# polish for motor home



## presto (Apr 22, 2009)

What polish should I buy for my van it is just five months old do I need to polish it at all.I have washed it a few times have noticed a few little black streaks from windows etc:Thank you in anticipation 

PRESTO


----------



## Jezport (Jun 19, 2008)

Hi,
Before you polish it make sure the roof and all the seams are clean, as it is this dirt that streaks black as it moves down.

Only use a very hard polish as softer ones cause the black stripes to appear quicker as the polish remains sticky.
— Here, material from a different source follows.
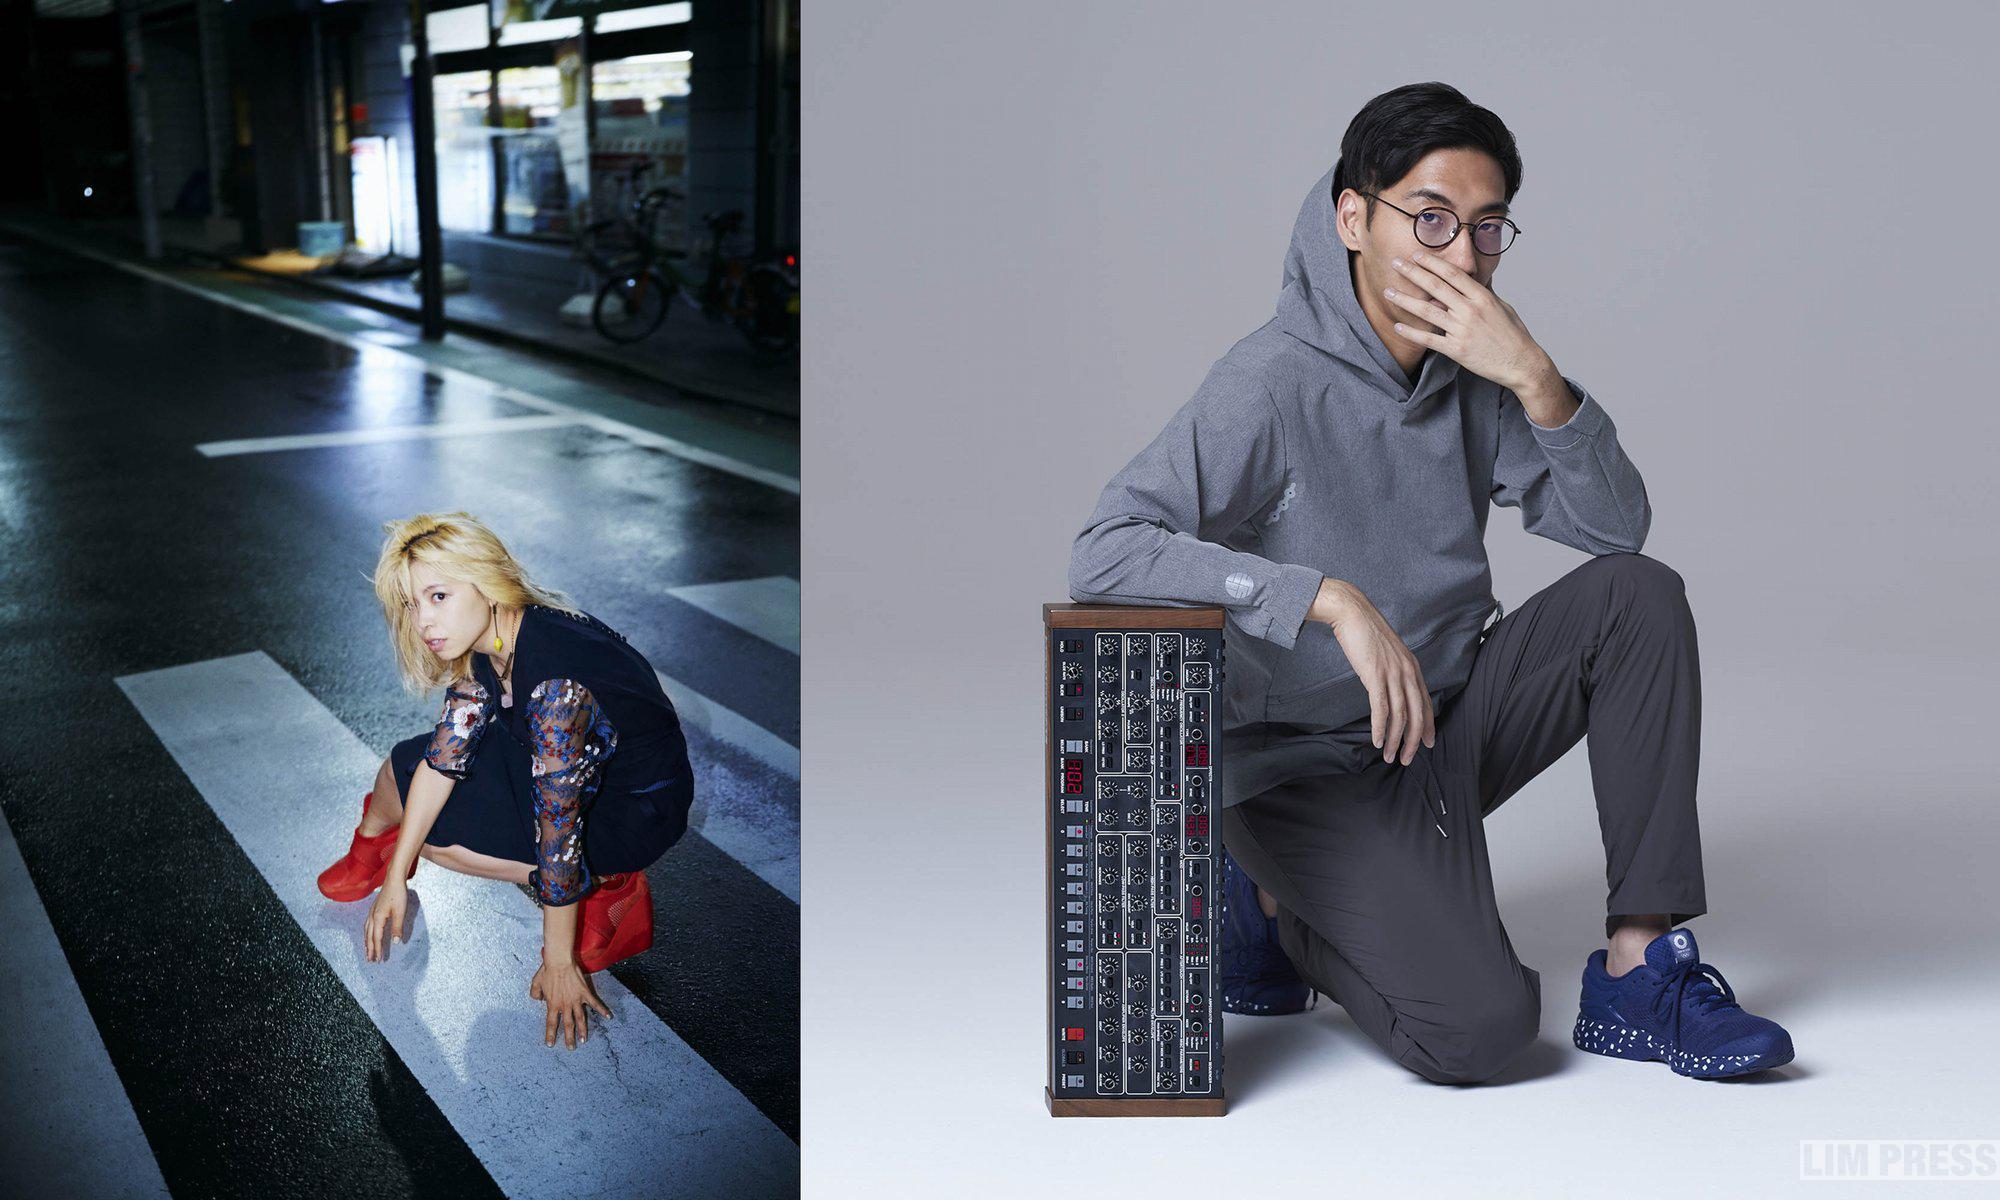 大比良瑞希 tofubeats Remix 記念イベント決定!
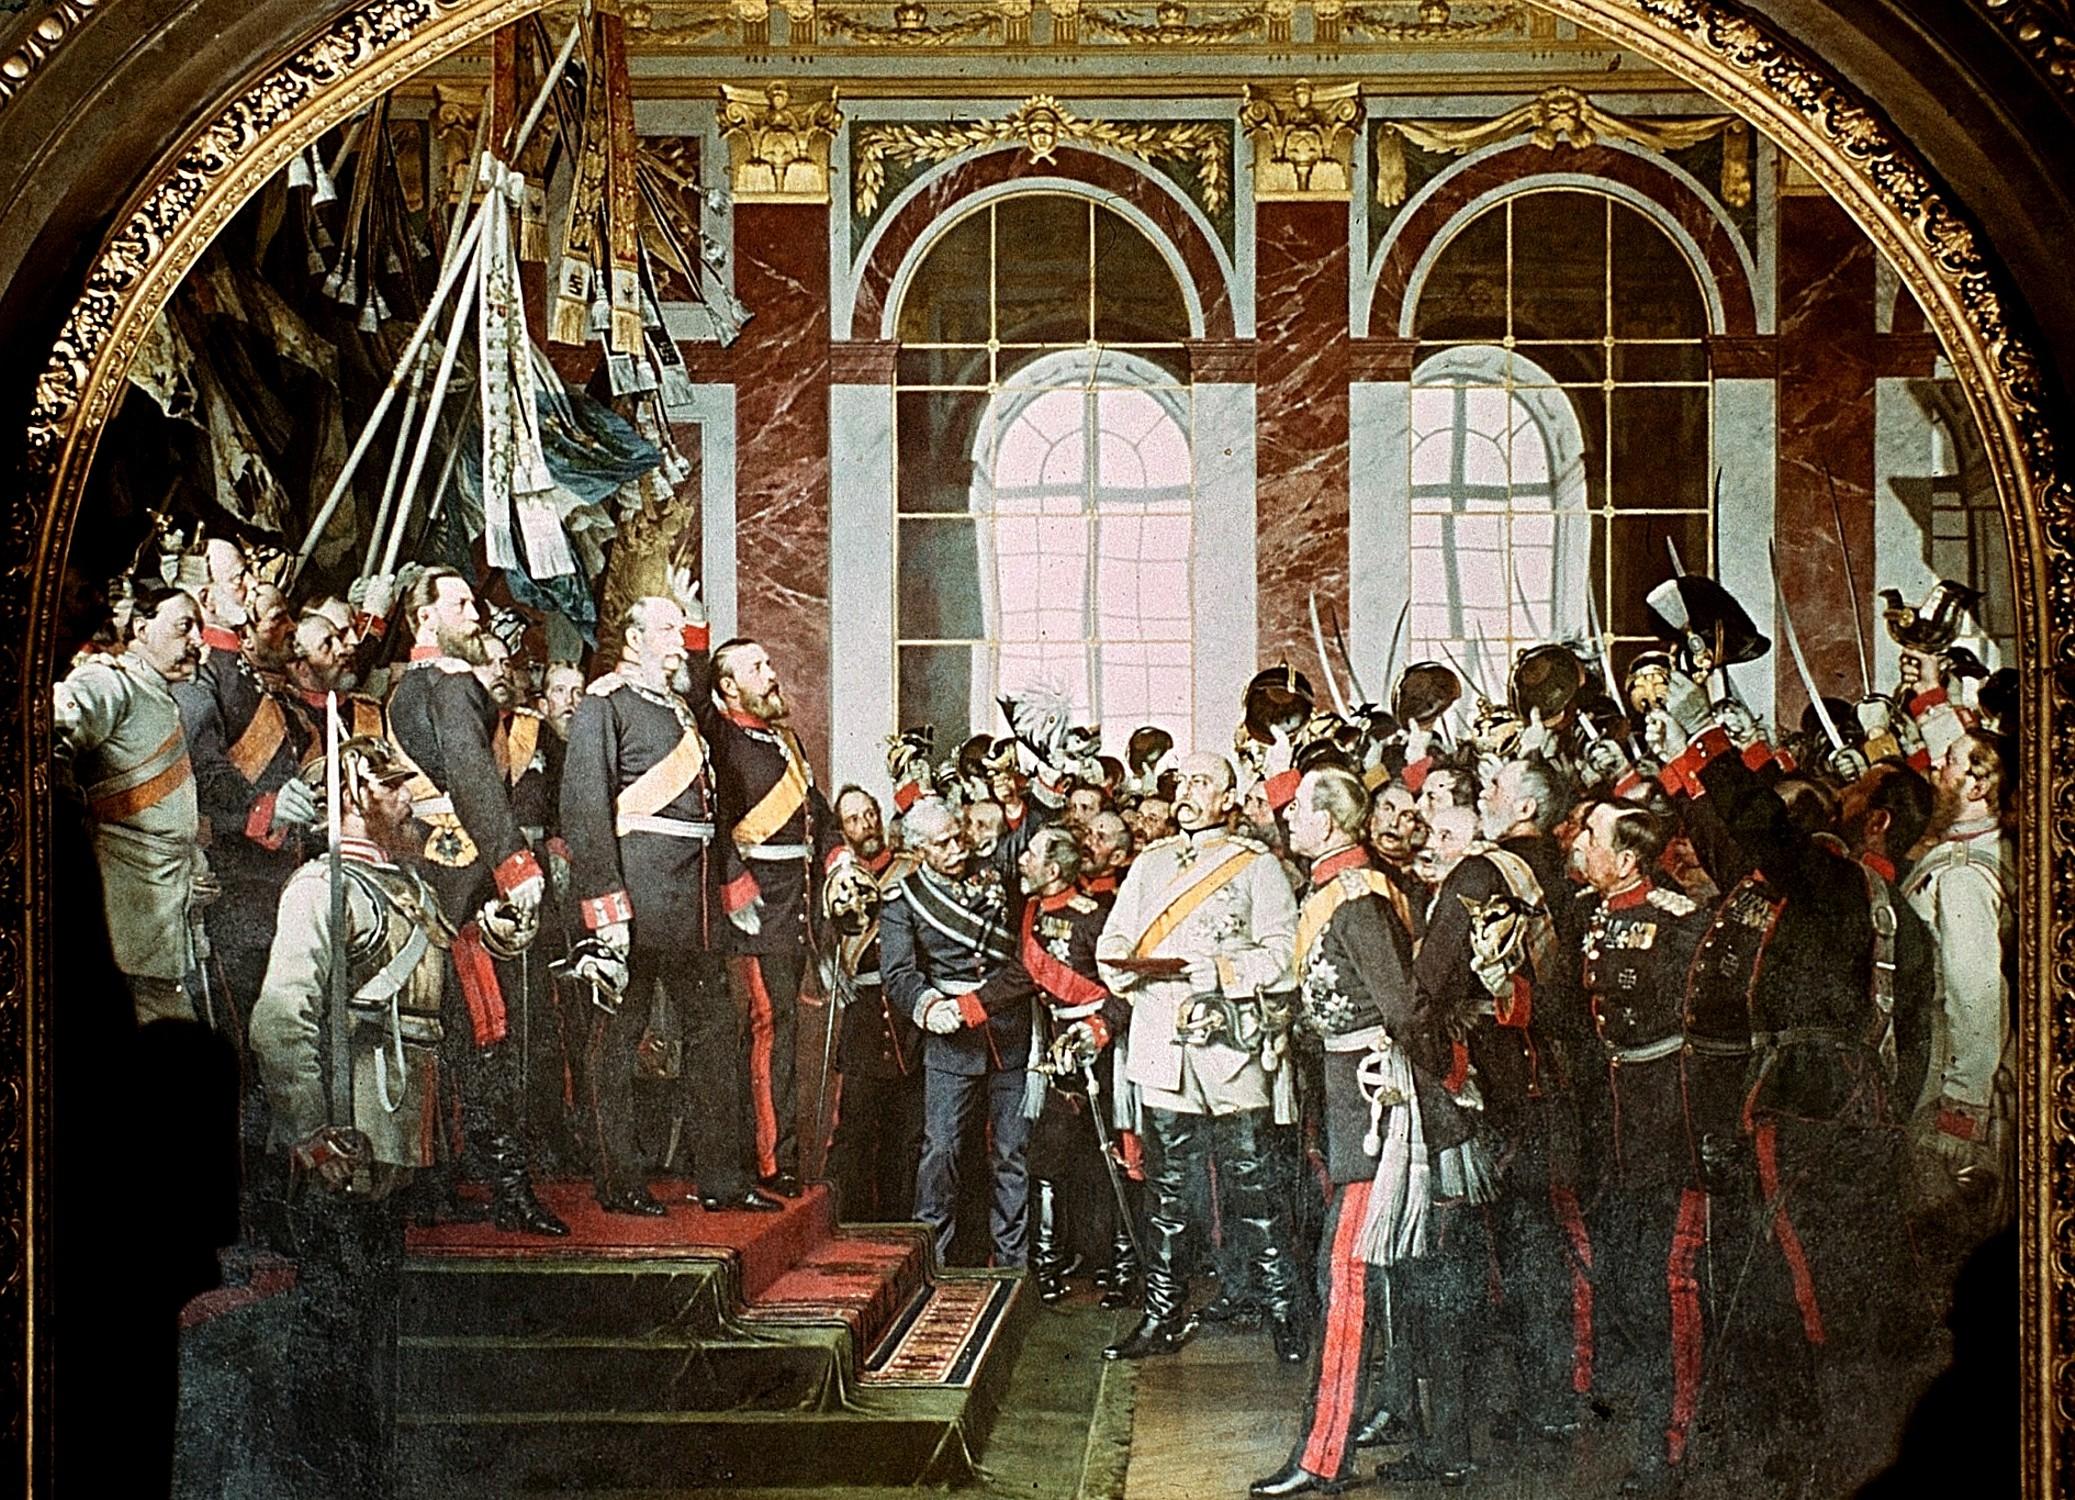 Die Proklamation des Deutschen Kaiserreiches (18. Januar 1871), zweite Fassung des Gemäldes für das Berliner Zeughaus von Anton von Werner, 1882

Meguires goldclass is pretty good, but dont put too much on, and polish it up twice.

Preparation is most of the work. I can valet a van and not use wax and get a better finish than someone who has waxed and polished theirs for hours.


----------



## Jezport (Jun 19, 2008)

I would like to add, that you would be better to cuse a claybar to clean your van to get rid of any contaminents that have stuck to the surfaces,. This will leave a very clean smooth surface that doesn't streak as fast.


----------



## bigfoot (May 16, 2005)

I would suggest using Auoglym Lifeshine. Expensive,hard work but well worth it.


----------



## presto (Apr 22, 2009)

Thank you, Both up to me now elbow grease and sweat how many times would you need to polish it per year?
Presto


----------



## Jezport (Jun 19, 2008)

*Claybar Masterclass*

If you are interested in learning how to use a claybar to get a better finish on your motorhome look here Masterclass


----------



## peedee (May 10, 2005)

I use Autoglym, thoroughly clean and polish ones a year. Wash down other times and only polish bits to remove dirty marks. Did try Mer once but prefer Autoglym, easier to use.

peedee


----------



## CliveMott (Mar 10, 2008)

Be a tad carefull if you want to polish fibreglass. Many of the "normal" polishes have constituents in them that leach out the polymers from GRP causing it to turn to dust on the surface. Best get the specialist stuff from a boat chandlers or similar.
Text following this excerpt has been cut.